CBS News logo CBS News 11/20/2020 Carter Evans
a person standing next to a window: A medical staff member is seen inside a hospital. © CBS News A medical staff member is seen inside a hospital.

Rupert, Idaho — Coronavirus hospitalizations nationwide are up more than 100% in the last month. Rural hospitals, in particular, are at a tipping point. Nearly 20% of Americans rely on them.

CBS News got a first-hand look Thursday inside a small hospital in Rupert, Idaho, that's bracing to take in more COVID-19 patients. Minidoka Memorial Hospital has just 17 beds and a staff that is overwhelmed. The hospital doesn't have an intensive care unit, but there are three beds now for COVID-19 patients.


Large cities initially bore the brunt of the pandemic and while COVID-19 cases are increasing again, nowhere are they rising faster than rural areas. In Idaho, 1 out of every 4 coronavirus tests come back positive. Still, there are many who refuse to wear masks.

"Everything you do is based on the mask and the disease and it's wrong," said Gary Lusk, a resident of Twin Falls.

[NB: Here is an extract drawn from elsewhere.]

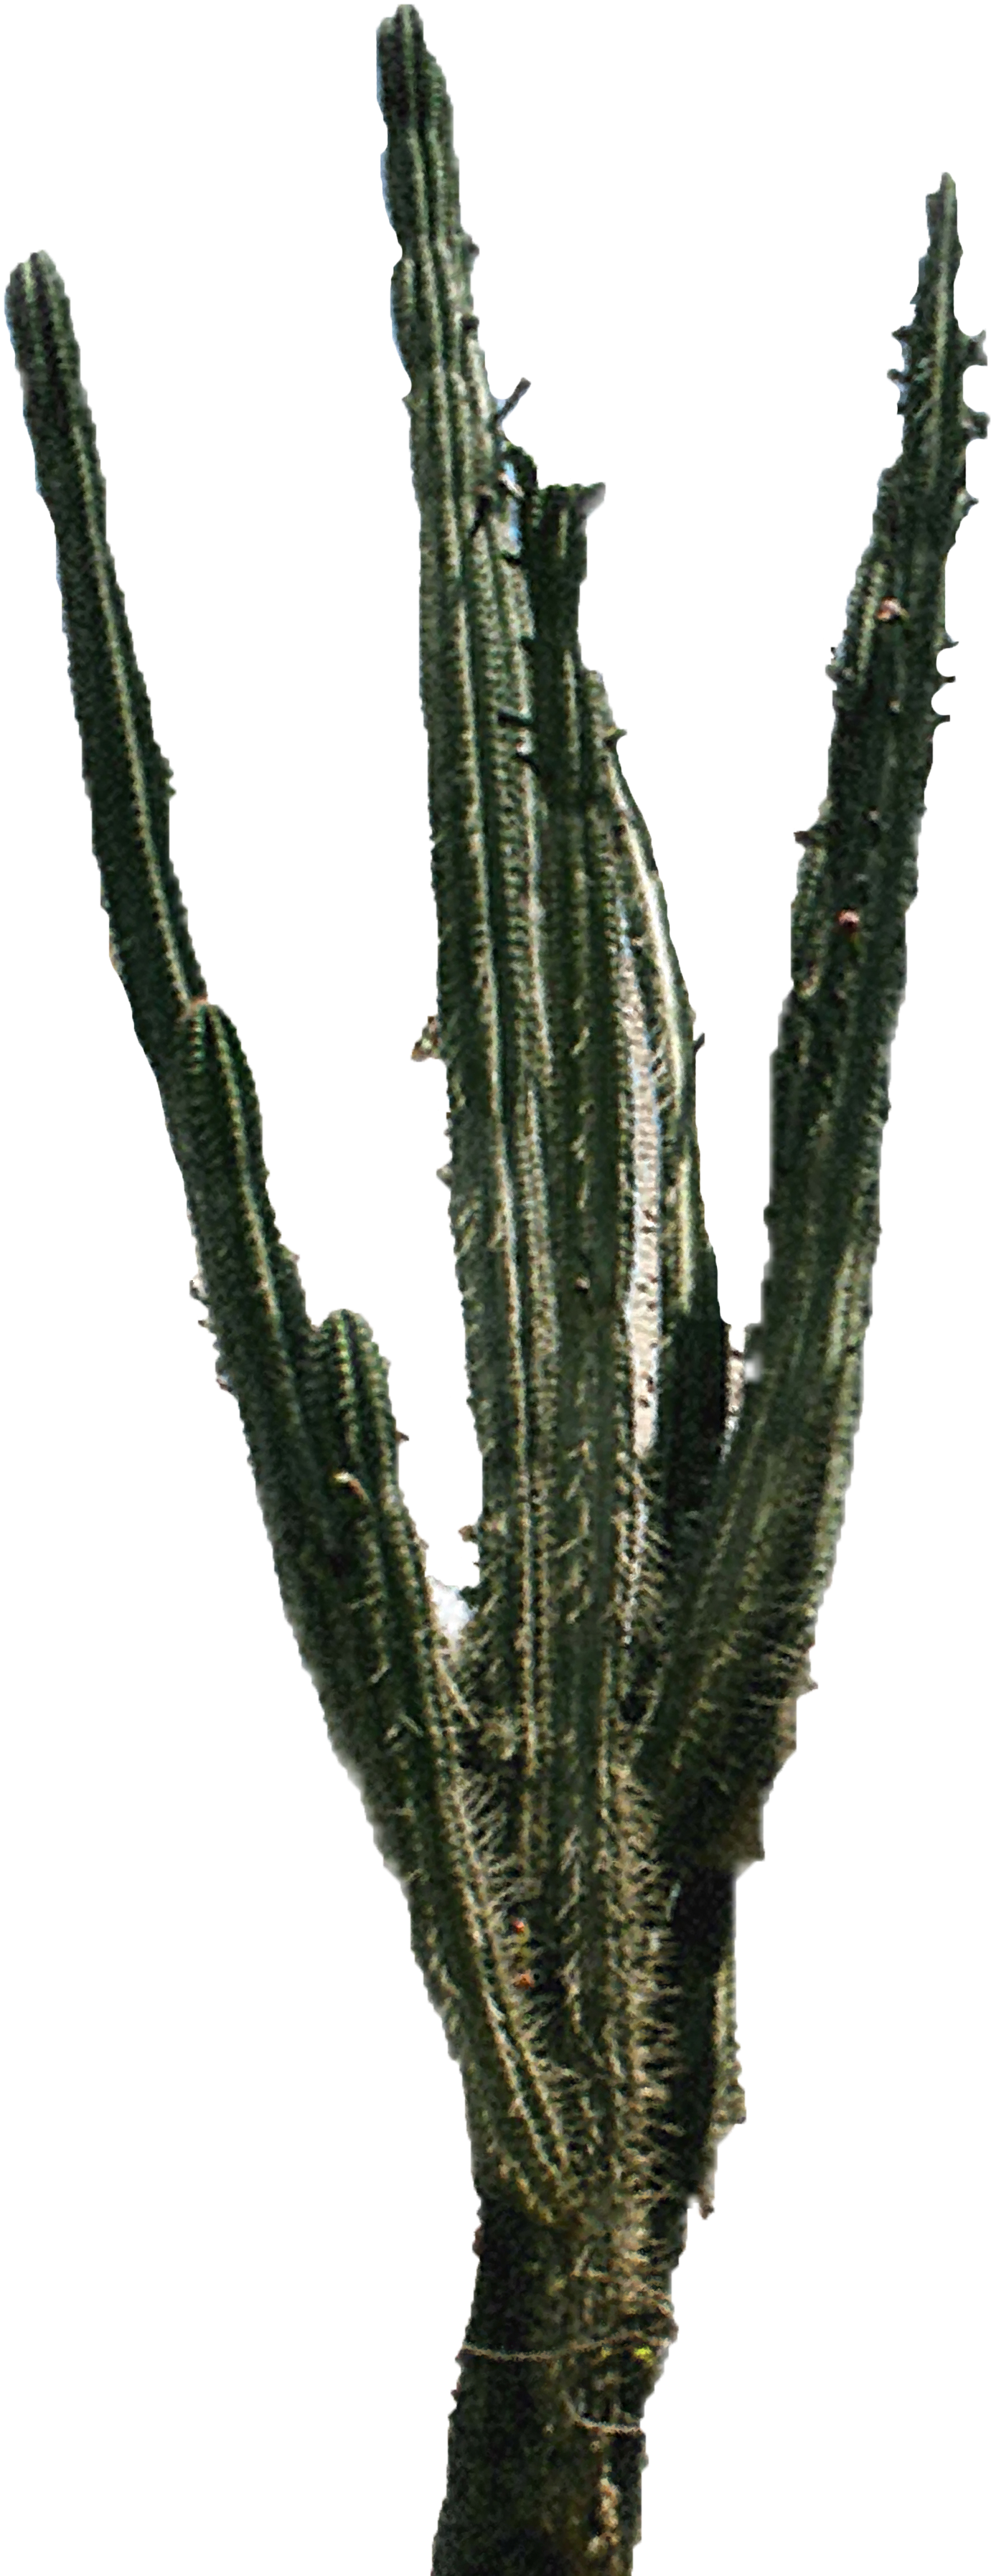 Download Free High-quality Cactus Png Transparent Images - Portable Network Graphics (1800x3600)

When asked what she thinks when people are seen not protecting themselves, one nurse told CBS News, "We know we probably will see them someday." That same nurse said she believes all their beds will be occupied. "I do see it will fill up fast."

"It's relentless. It's a day after day. It really takes a toll," said Alison Johnson, director of critical care at Johnson City Medical Center in Johnson City, Tennessee.

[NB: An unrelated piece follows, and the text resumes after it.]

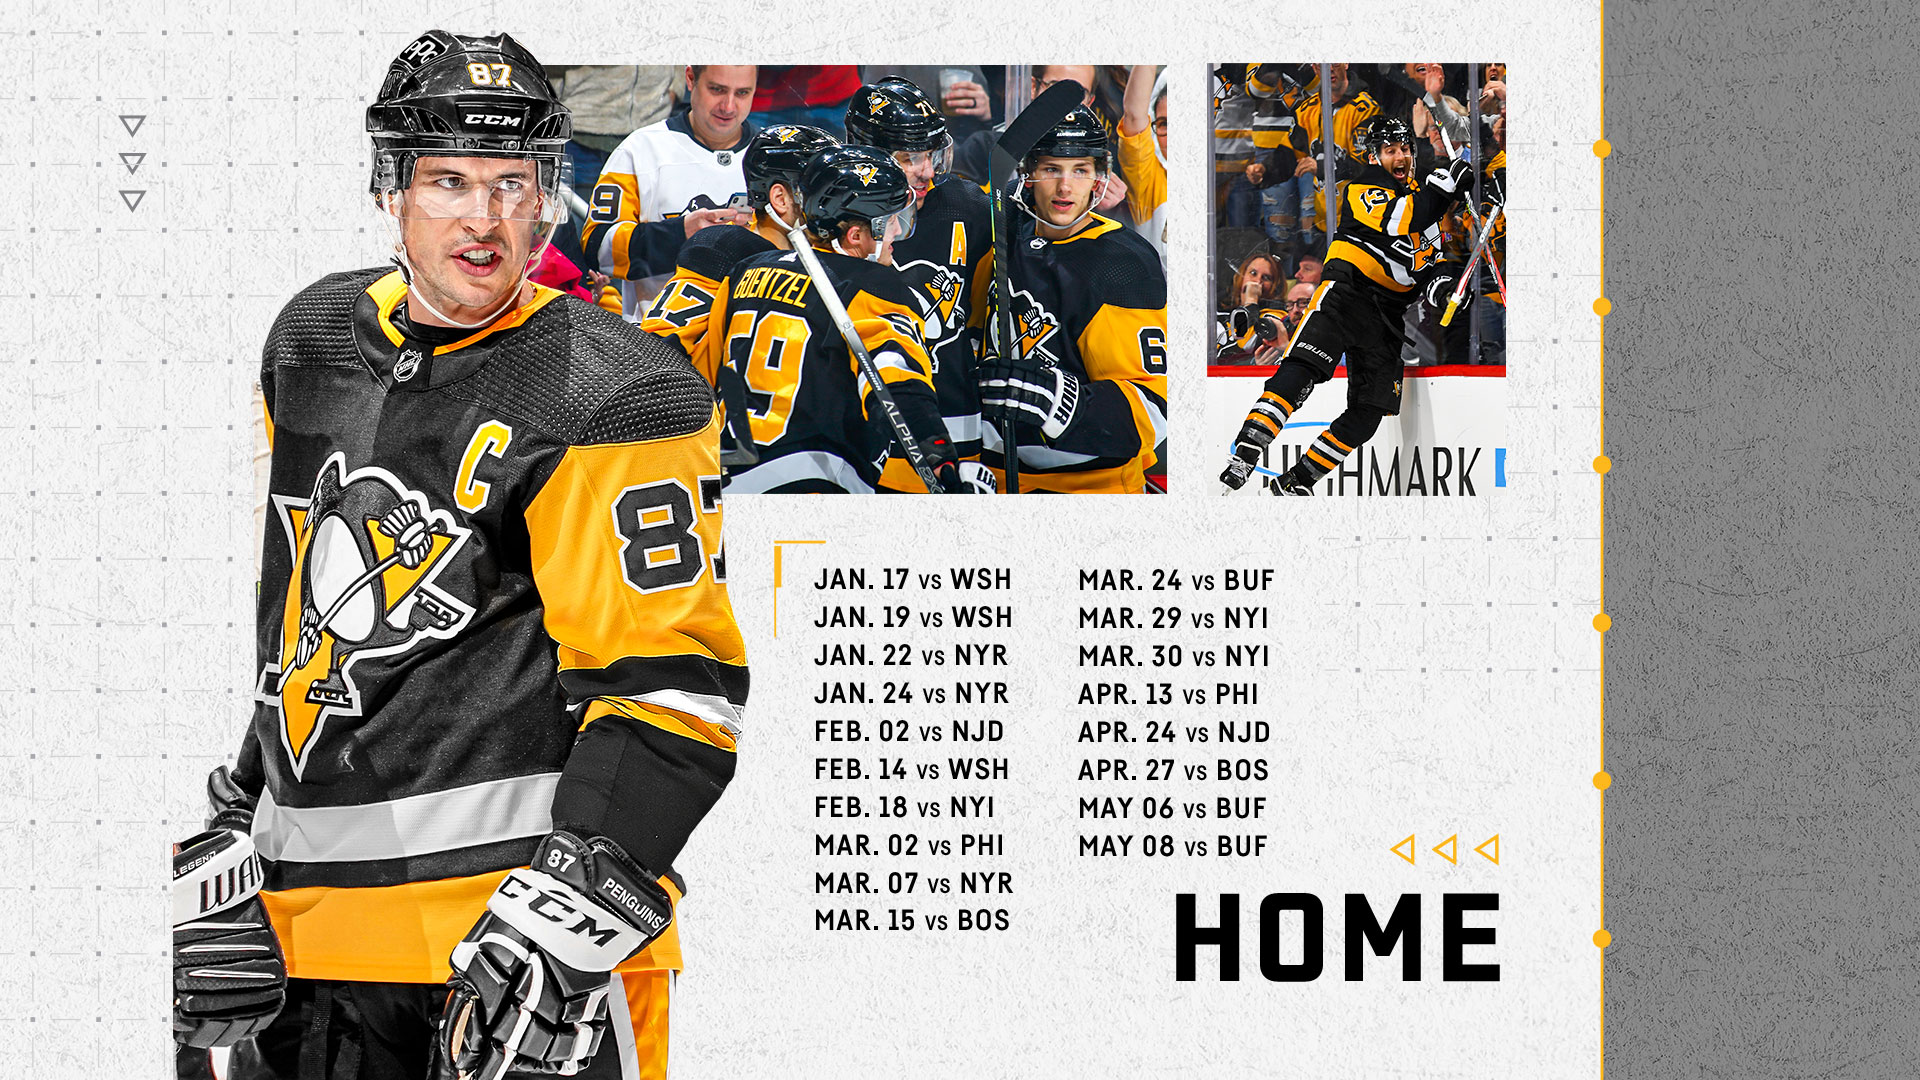 Pittsburgh Penguins on X: Heard you were asking about a jersey schedule 😏  Details:   / X

A hospital in Topeka, Kansas, is so overrun with COVID-19 patients that some are being kept in hallways and waiting rooms until an ICU bed becomes available.

The Mayo Clinic is now reporting more than 900 staff members have been infected with the coronavirus just in the past two weeks. 

In Reno, Nevada, beds are in a hospital parking garage. By Thursday night, as many as 40 COVID-19 patients will be housed there.